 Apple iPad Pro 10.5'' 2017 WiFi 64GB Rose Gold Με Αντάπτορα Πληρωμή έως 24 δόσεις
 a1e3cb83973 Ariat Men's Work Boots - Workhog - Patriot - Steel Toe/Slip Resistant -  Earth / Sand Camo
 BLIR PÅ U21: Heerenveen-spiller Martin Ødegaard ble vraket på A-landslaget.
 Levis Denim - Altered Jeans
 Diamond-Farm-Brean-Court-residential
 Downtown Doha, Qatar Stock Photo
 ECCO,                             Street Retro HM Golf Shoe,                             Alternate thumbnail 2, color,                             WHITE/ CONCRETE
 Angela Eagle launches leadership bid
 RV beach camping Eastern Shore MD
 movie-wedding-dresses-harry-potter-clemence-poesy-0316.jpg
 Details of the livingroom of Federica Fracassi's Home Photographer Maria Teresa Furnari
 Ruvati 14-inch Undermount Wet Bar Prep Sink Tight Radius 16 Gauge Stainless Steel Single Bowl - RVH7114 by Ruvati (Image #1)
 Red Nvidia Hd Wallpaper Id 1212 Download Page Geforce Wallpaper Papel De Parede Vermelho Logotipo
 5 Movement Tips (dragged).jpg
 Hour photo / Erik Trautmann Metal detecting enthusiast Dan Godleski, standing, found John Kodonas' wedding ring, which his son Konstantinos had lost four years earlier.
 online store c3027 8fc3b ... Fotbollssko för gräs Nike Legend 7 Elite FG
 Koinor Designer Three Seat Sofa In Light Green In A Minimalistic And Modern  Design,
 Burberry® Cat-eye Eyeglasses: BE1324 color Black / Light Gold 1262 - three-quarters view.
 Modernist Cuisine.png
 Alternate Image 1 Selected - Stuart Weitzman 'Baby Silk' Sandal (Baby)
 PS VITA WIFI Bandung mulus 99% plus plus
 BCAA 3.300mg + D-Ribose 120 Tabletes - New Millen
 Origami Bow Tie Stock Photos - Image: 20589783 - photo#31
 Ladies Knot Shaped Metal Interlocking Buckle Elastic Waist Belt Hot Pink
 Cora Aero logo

----

ASSIGNED TASK: Please write out, exactly as they appear above, only the lines in the stretch from the line with "a1e3cb83973 Ariat Men's" through the line with "5 Movement Tips (dragged).jpg".

SOLVED EXERCISE:
 a1e3cb83973 Ariat Men's Work Boots - Workhog - Patriot - Steel Toe/Slip Resistant -  Earth / Sand Camo
 BLIR PÅ U21: Heerenveen-spiller Martin Ødegaard ble vraket på A-landslaget.
 Levis Denim - Altered Jeans
 Diamond-Farm-Brean-Court-residential
 Downtown Doha, Qatar Stock Photo
 ECCO,                             Street Retro HM Golf Shoe,                             Alternate thumbnail 2, color,                             WHITE/ CONCRETE
 Angela Eagle launches leadership bid
 RV beach camping Eastern Shore MD
 movie-wedding-dresses-harry-potter-clemence-poesy-0316.jpg
 Details of the livingroom of Federica Fracassi's Home Photographer Maria Teresa Furnari
 Ruvati 14-inch Undermount Wet Bar Prep Sink Tight Radius 16 Gauge Stainless Steel Single Bowl - RVH7114 by Ruvati (Image #1)
 Red Nvidia Hd Wallpaper Id 1212 Download Page Geforce Wallpaper Papel De Parede Vermelho Logotipo
 5 Movement Tips (dragged).jpg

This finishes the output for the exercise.